> **WHAT YOU WILL DO**
What should come back is the data below, word for word, minus any picture.

> **DATA SEGMENT**
----

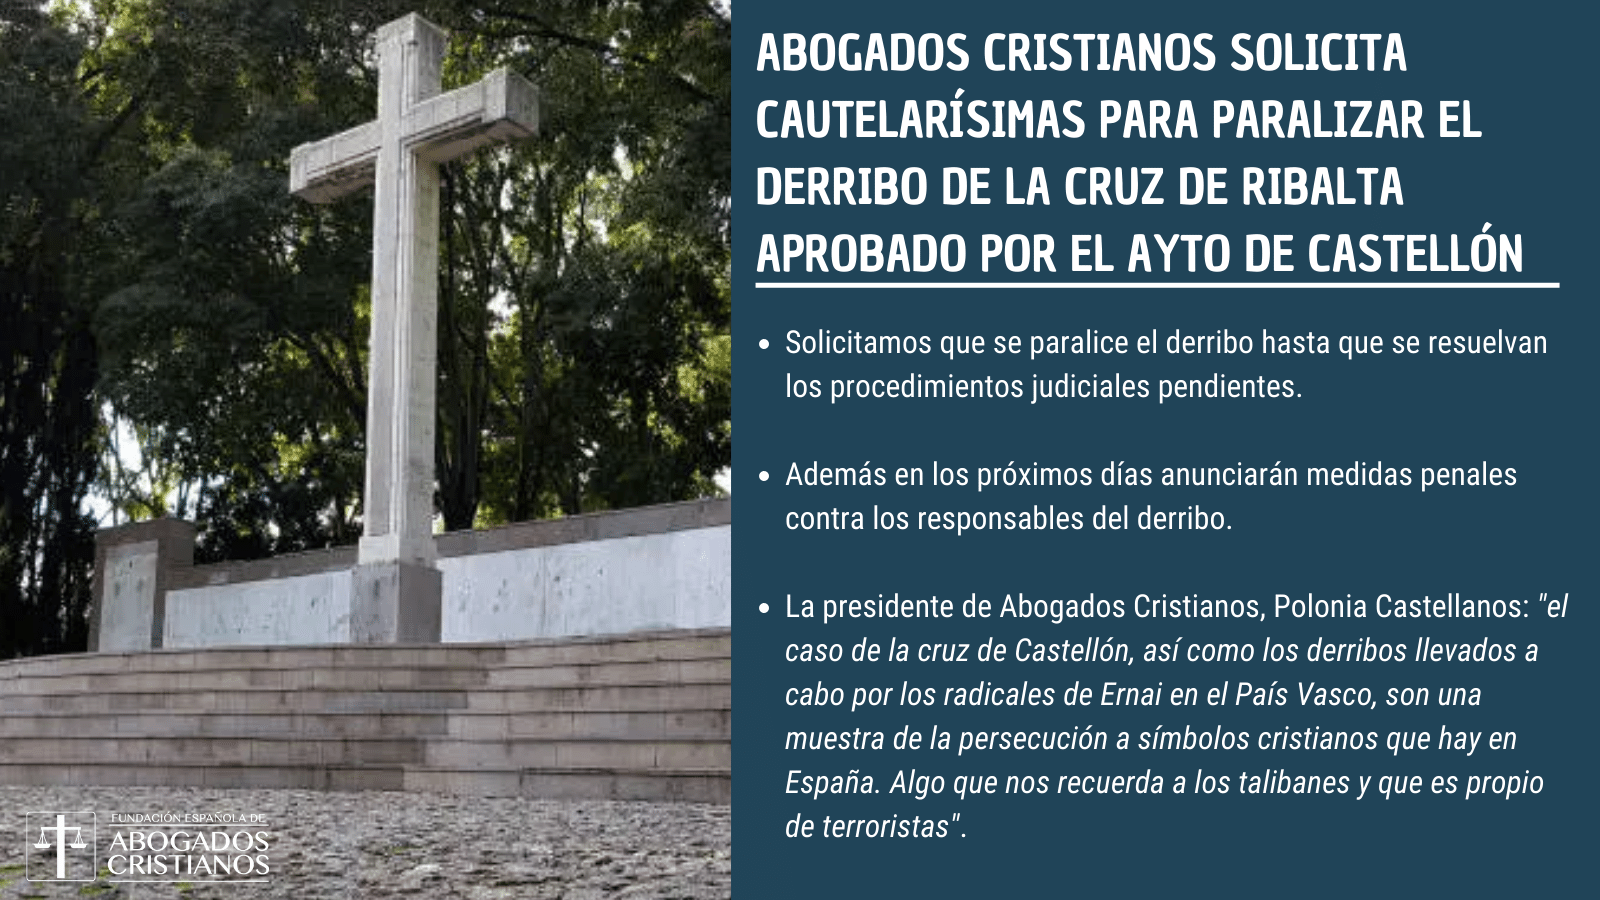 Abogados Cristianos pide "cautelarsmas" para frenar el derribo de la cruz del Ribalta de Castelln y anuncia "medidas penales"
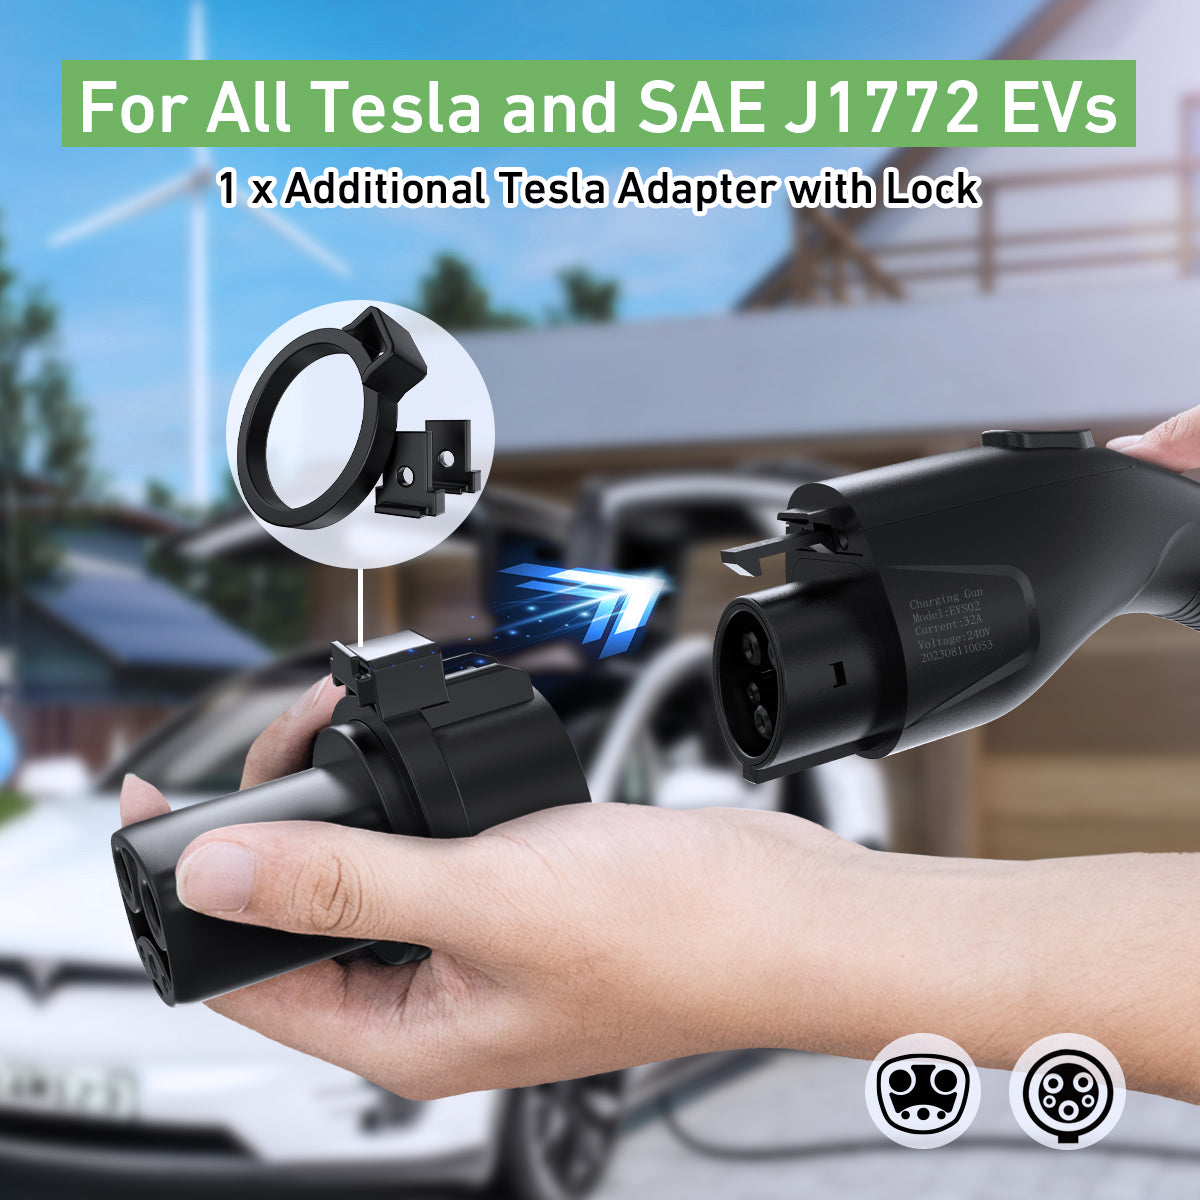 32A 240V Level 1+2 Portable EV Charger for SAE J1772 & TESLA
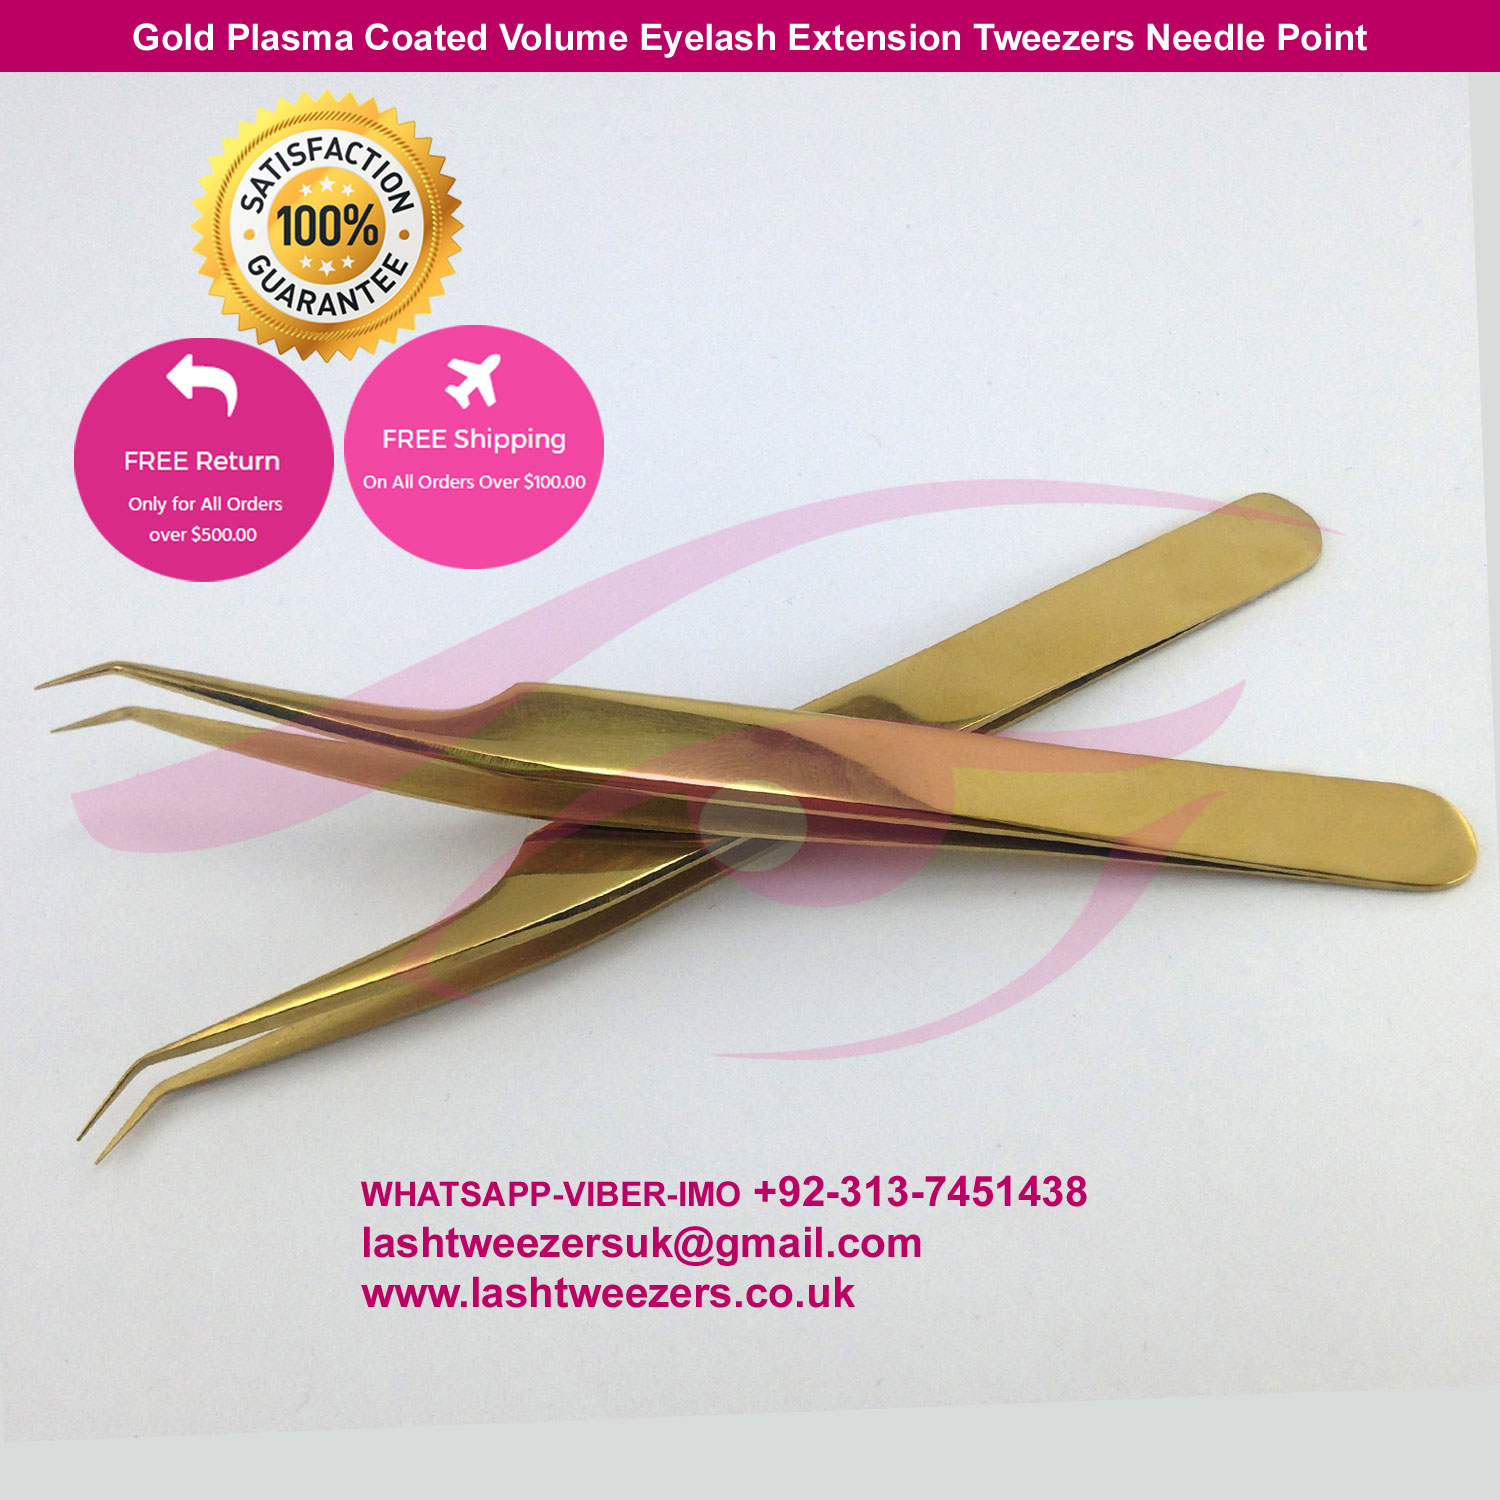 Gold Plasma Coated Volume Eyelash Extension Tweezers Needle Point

----

> **TASK ANSWER**
 Abogados Cristianos pide "cautelarsmas" para frenar el derribo de la cruz del Ribalta de Castelln y anuncia "medidas penales"
 32A 240V Level 1+2 Portable EV Charger for SAE J1772 & TESLA
 Gold Plasma Coated Volume Eyelash Extension Tweezers Needle Point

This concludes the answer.